We caution that the foregoing list of important factors that may affect future results is not exhaustive. The forward-looking statements represent our views as of the date of this presentation and should not be
relied upon as representing our views as of any subsequent date. While we anticipate that subsequent events and developments may cause our views to change, we disclaim any obligation to update the
forward-looking statements, other than as required by applicable law. For further information on these known and unknown risks, please see “Risk Factors” included in our Form 20-F.
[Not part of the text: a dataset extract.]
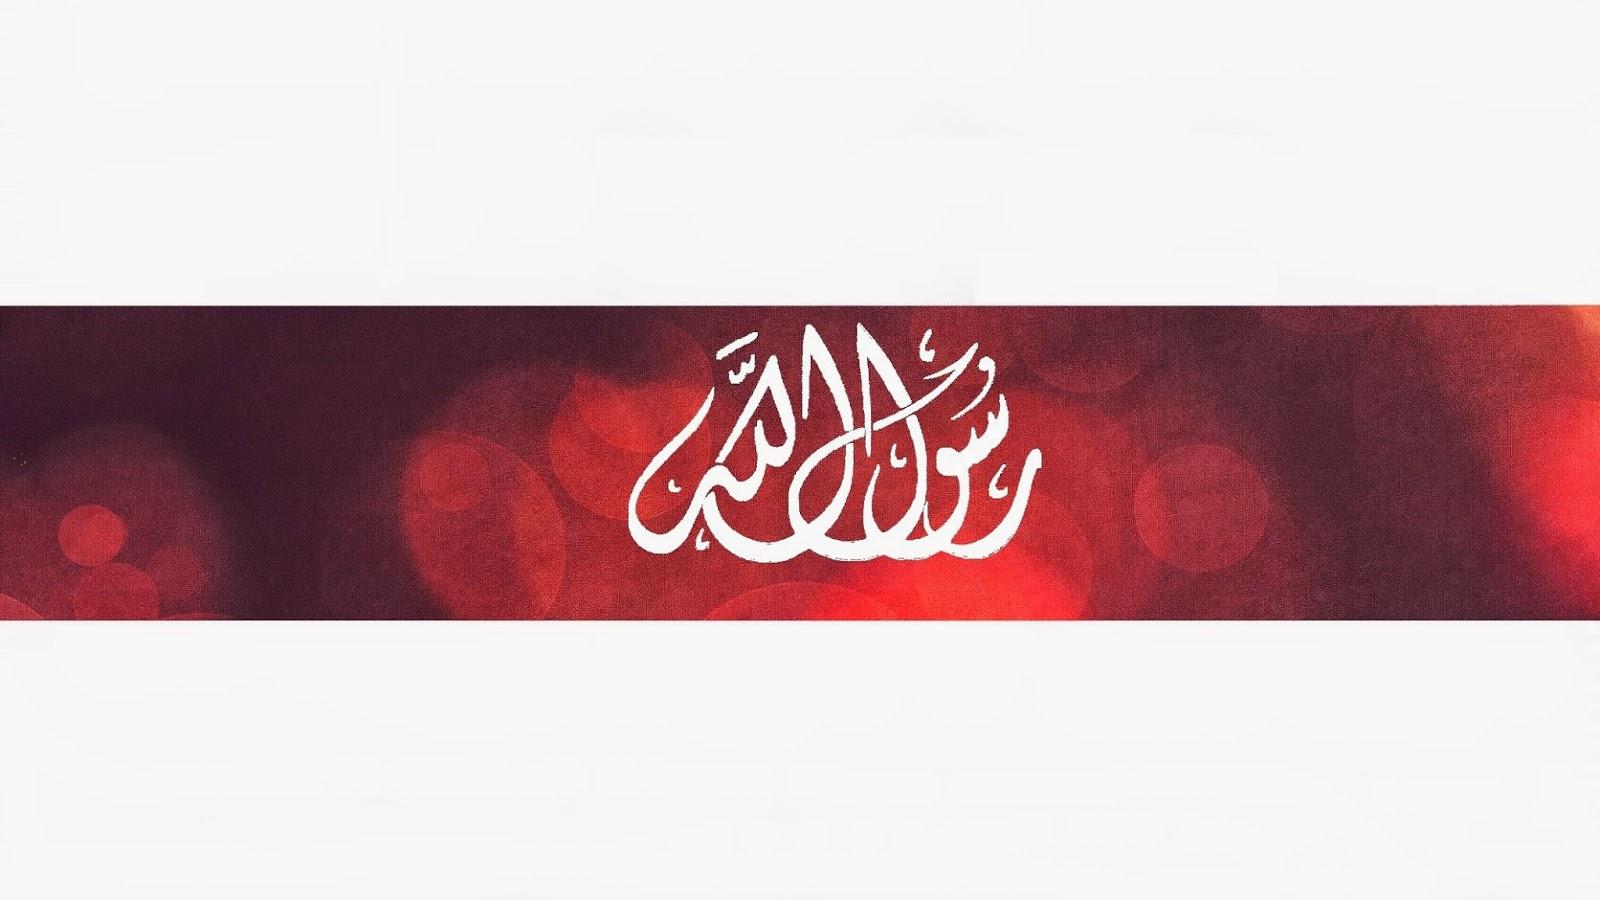 صوره يوتيوب اسلامي , افضل مقطع اسلاميه على يوتيوب

Cautionary Statement Regarding Use Of Non-IFRS Measures
This presentation contains references to Adjusted Earnings Before Interest, Taxes, Depreciation and Amortization (“Adjusted EBITDA”), Funds From Operations (“FFO”) and Funds From Operations per Unit
(“FFO per Unit”), which are not generally accepted accounting measures under IFRS and therefore may differ from definitions of Adjusted EBITDA, Funds From Operations and Funds From Operations per Unit
used by other entities. We believe that Adjusted EBITDA, Funds From Operations and Funds From Operations per Unit are useful supplemental measures that may assist investors in assessing the financial
performance and the cash anticipated to be generated by our operating portfolio. Neither Adjusted EBITDA, Funds From Operations nor Funds From Operations per Unit should be considered as the sole
measure of our performance and should not be considered in isolation from, or as a substitute for, analysis of our financial statements prepared in accordance with IFRS.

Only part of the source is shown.